Gun Control, Trees, Drugs, Organized Crime
by David Mitchell

It seems as though no consideration is ever given in any of these hotly contested debates to the actual issue of what happens when and if the status quo is shifted in one direction or the other. The gun control wars are directly related to other such recent conflicts:

    a) The semi-defeat of and public spotlight on organized crime cost us their pseudo-legitimate function as proprietors of crime and stout defenders of their right to be the primary deterrent to free-lancers in criminality. Many lower-middle-class neighborhoods lived in utter tranquility as a consequence of this role.
     b) The conflict between environmentalists and the lumbering industry fostered the belief in an illusory economic displacement that was actually caused by the replacement of a substantial proportion of human labor with
mechanized systems. Oddly, the amount of timber harvested continued to grow, and while supply rose so did prices...
    c) The war on drugs is vigorously stimulating the development of electrical substitutes, whose psychoactivity is rapidly approaching that of
the various forms of religious fervor that serve as sops to the consciences of those who wish to control the intoxication of others. We are going to have a very difficult time banning wire, batteries, transistors, and microcomputers.

     Returning to the central topic: the disarming of any population that feels itself threatened is almost immediately followed by the growth of a
cottage arms-manufacture industry based on readily available scrap and commodity materials and light, even home-brew, machine tools, together with an upsurge in designer explosives similar to that in designer drugs.

     The dangers presented by unreliable weaponry in the hands of persons for whom it has great symbolic value include the possibility that a competent and highly intelligent terrorist community will learn from its mistakes and rise to a truly disruptive level. While this might serve the economic function of a national sabotage corps, relieving the industrial community of the need to sustain its expansion through creative obsolescence or the ferocious marketing of newer and newer gimmickery, it might equally produce a generation of sincere ideological resisters of constituted authority, equal in destabilizing power to the Maquisards of the Second World War. The latter's greatest contribution to European politics (other than truly devout desire for personal freedom) has been an enduring tension between the instability of free choice and the imposed autocracies of regimented social systems.

     We are presently caught in the same tension. It will cost the society much more than the '60s, during which the best and brightest were able to survive and bring about a technical and social revolution of some magnitude while reveling in their public pillorying.

     There is no current space for a vaguely subversive activity (as personal computing and communications in furtherance of detachment from society and independent subsistence were at their inception) to integrate itself with a national defense goal (in the '60s, support of all
antiauthoritarian movements that might weaken totalitarian regimes of the left).

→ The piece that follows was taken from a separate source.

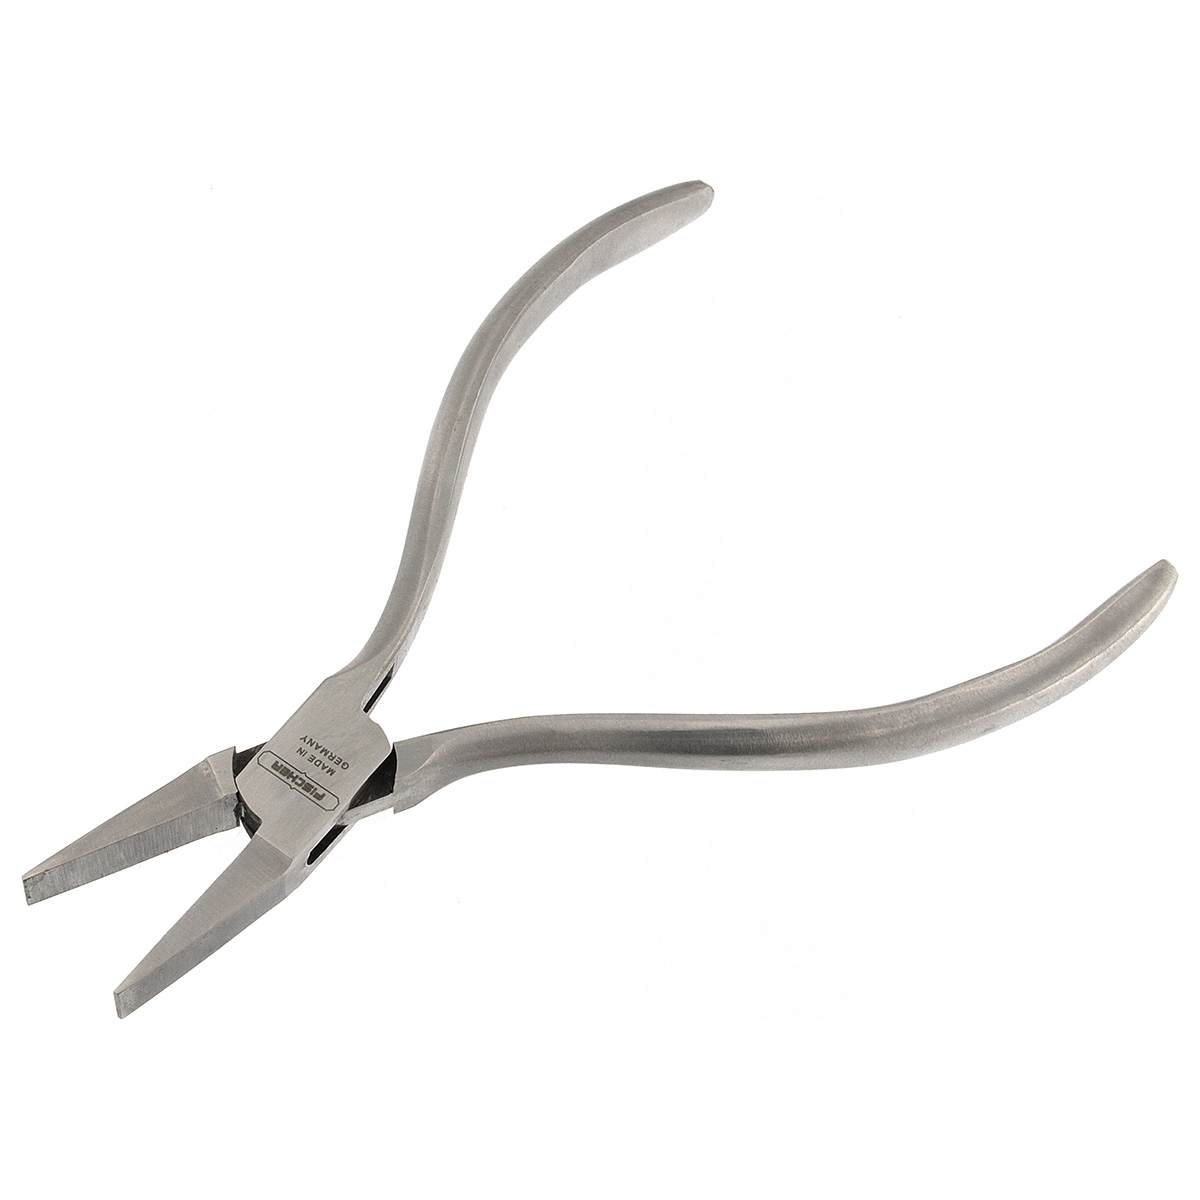 Flat nose pliers, length 130 mm

     We have created through selective imprisonment for manufactured crimes
(criminalization of previously legal, if not legitimated, activities) a pool of highly motivated and increasingly well-schooled individuals who consider the very structure of the legal and governmental systems to be invalid: their logical move to destabilize them is to push the society toward martial law. This guarantees a self-recruiting resistance appalled at the overt application of the previously (ill-)concealed Draconian measures that have
for centuries been employed by the power structure through support of institutionalized corruption and economic suppression of dissent, denying of access to basic societal amenities (you may see its traces in the current flap over denial of homeowner's insurance to pet owners in some jurisdictions, with consequent threat of foreclosure for failure to meet mortgage lender requirements and disqualification for home ownership).

     It is a reflection of institutional fear that we are seeing an outcry against the initiative and recall ingrained in some regional traditions: and it is indicative that the Oregon Constitution retains its preamble affirming the right of the people to reform, alter, or abolish their government, while the corresponding section of the California Constitution has disappeared.

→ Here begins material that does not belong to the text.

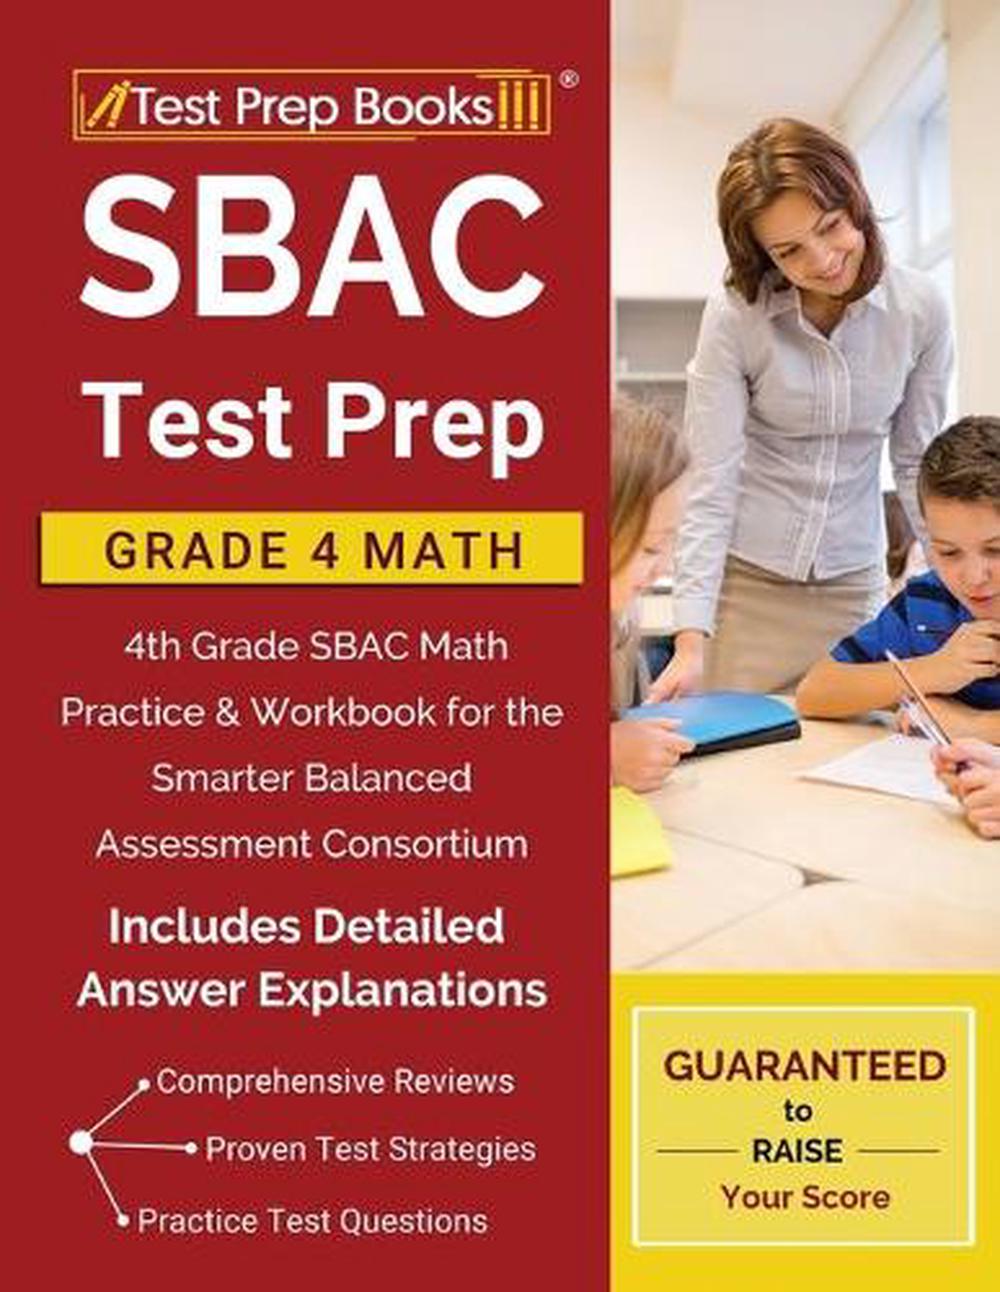 SBAC Test Prep Grade 4 Math 4th Grade SBAC Math Practice & Workbook

    So the cogent question to be asked in the entire debate over weaponry is whether we are willing to allow our children to go back to killing one another primarily with blunt instruments and edged tools, thus assuring that
the physically strongest and morally least affected survive the wars of adolescence (as was justifiably the case in the almost-concluded era of global warfare), or whether some examination should first be made of what
measures are likely to be chosen by prospective victim populations to ensure their survival. History shows that elevation of the most ingenious criminal minds to control of such a society is the usual outcome: their own self
interest demands the continuation of a subject pool for labor, consumption, and exploitation.

     If this analysis is disquieting, I would advise you to give some thought to the way that human interactions directed at subjugation
inevitably backfire: your decision is to be the choice of which human drive needs subjugating over the lives of your children and grandchildren. How are you to deal with the explosions in the wake of your actions?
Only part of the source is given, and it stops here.